What’s Philip Seymour Hoffman have that I don’t? (An Oscar for this performance)

Golden Mug

NOMINEE: Supporting Actor (Daniel Craig)

Theatrical Release Date: 10/13/2006
Director: Douglas McGrath
Cast: Toby Jones, Daniel Craig, Sandra Bullock, Sigourney Weaver, Hope Davis

Did you see 2005’s “Capote”? If so, you may be wondering why you should see “Infamous”.

This film also tells the story of Truman Capote and his struggle to write the celebrated novel, “In Cold Blood”.

For those unfamiliar with the book or last year’s film version of the events, the story revolved around eccentric author Truman Capote as he attempts to learn all that he can about the killing of a Kansas family in their home in the late 1950s.

Capote, a well-known gossip and socialite, goes so far as to get into the cells with the killers to ascertain their side of the story (and in the process develops a complex relationship with them).

He wasn’t interested so much in the facts of the crime but in providing a look at what such a heinous act does to a close-knit community such as that of Holcombe, Kansas.

In lieu of Philip Seymour Hoffman (who won the Academy Award for his portrayal of Capote), filmmakers went with Toby Jones to slip his toes into Truman’s loafers.

Not knowing much about the real Capote, I can only say that both actors provided excellent and believable performances. Still, I prefer Hoffman’s take on the whole ordeal. That is probably biased due to my admiration for him as an actor but that’s how it goes.

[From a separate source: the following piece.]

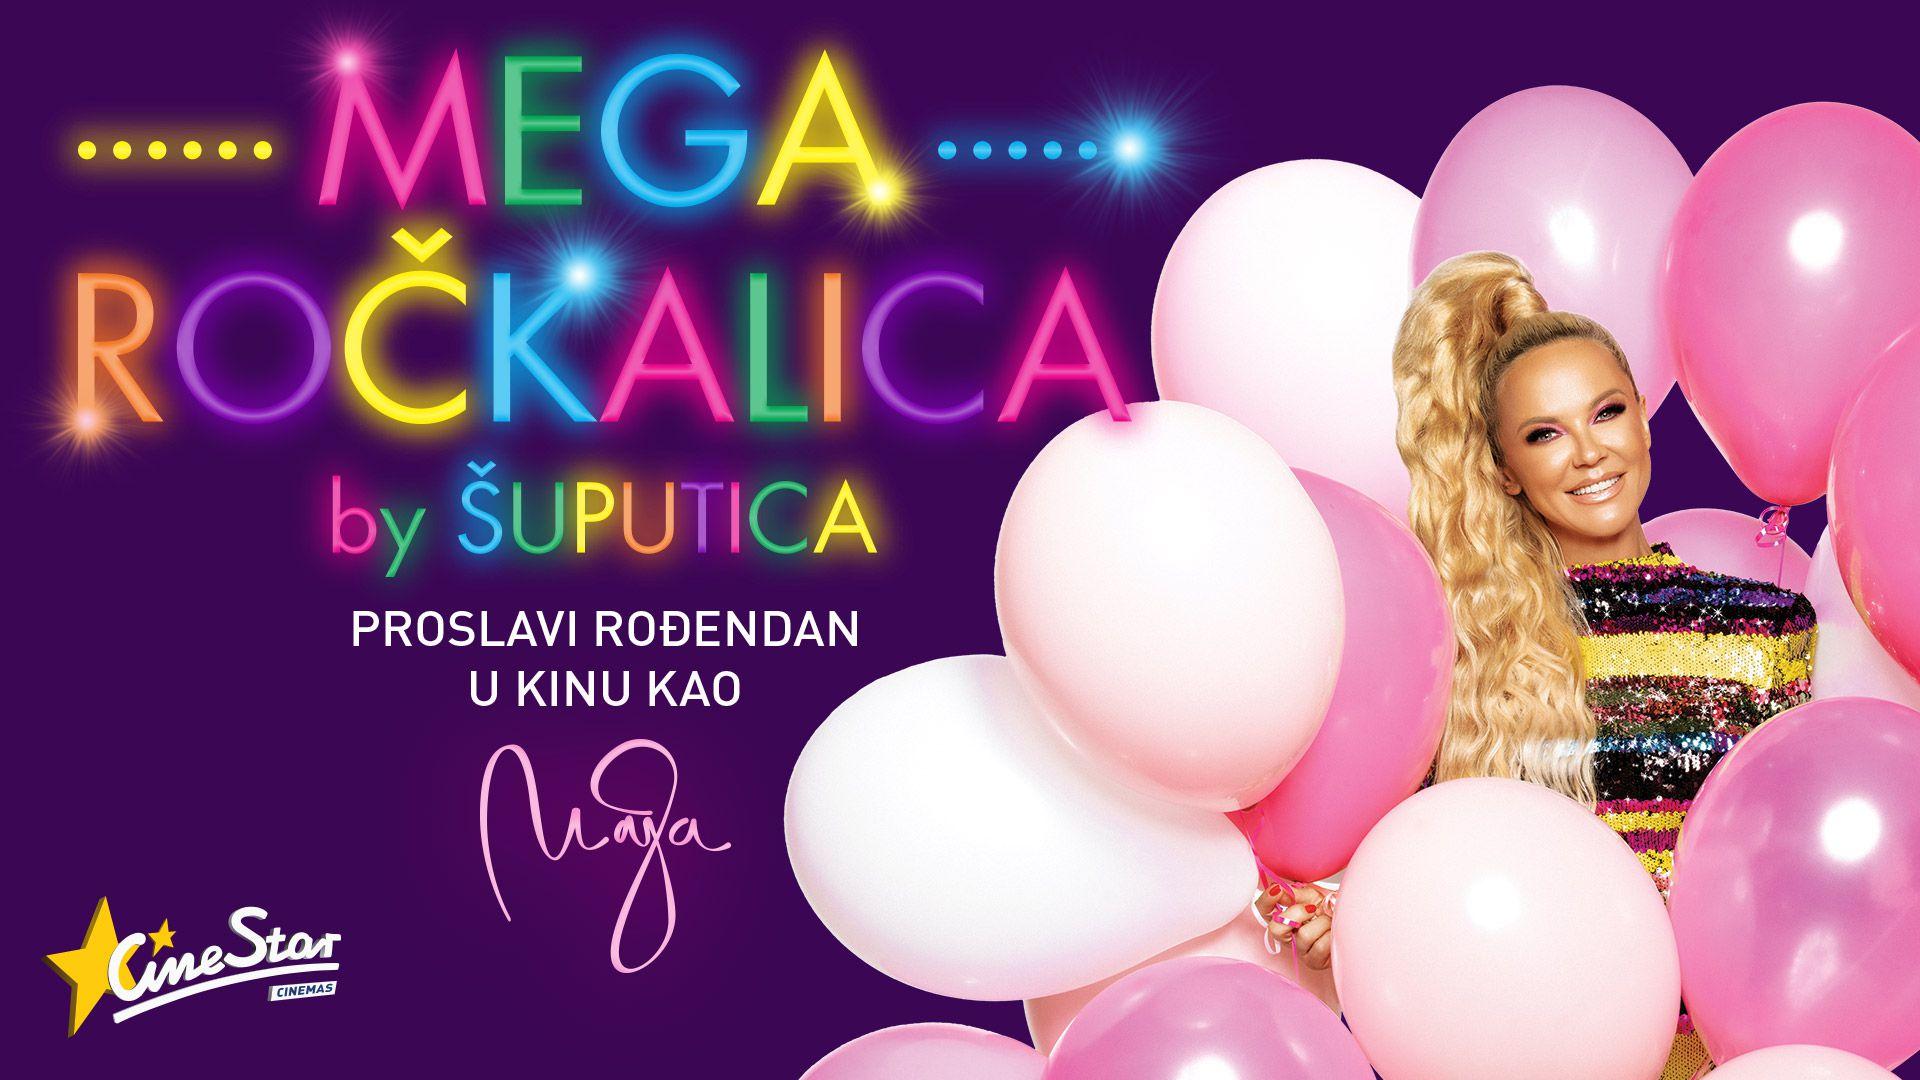 'Megaročkalica by Šuputica' - novi koncept proslave dječjih rođendana u Cinestar kinima

To portray one of the killers, Perry Smith, filmmakers eventually went with the newest 007, Daniel Craig. I say eventually because originally the role was going to go to Mark Wahlberg and then to Mark Ruffalo.

This is definitely an example of getting it right in the end. Craig has a lot of acting talent and it shows here, in a role that demands not only an intimidating presence but a lonely soul. I can only hope that he doesn’t get pigeon holed as the famous super spy.

While those are good performances (and there are other others), there are also some not so good ones. Originally Samantha Morton was cast as author Nelle Harper Lee. That probably would have been amazing.

What we actually got was Sandra Bullock. I like her in romantic comedies and speeding public transport films but this was out of her league. All I could think throughout her scenes was that I like her with longer hair.

There is also a small cameo by Gwyneth Paltrow in the beginning as singer Peggy Lee. In the middle of singing the opening song, she breaks down because the lyrics seem to mirror some personal pain inside of her. While I suppose those lyrics could be inferred to apply to Capote’s own journey, I thought the performance just served to have the audience wondering why in the hell Paltrow was the one they chose and why they used the scene at all.

In any case, “Infamous” slants its view more into the vivacious nature of Truman that “Capote” did. For that, I can at least be glad the whole film wasn’t just a rehash of something that was already made.

Still, unless you are a fanatic Truman Capote fan or are overcome with curiosity about what they did differently in this film, you don’t need to see this one.

I’m giving “Infamous” a 3 out of 5. On its own, it’s a good film. Having seen “Capote”, I don’t really need it.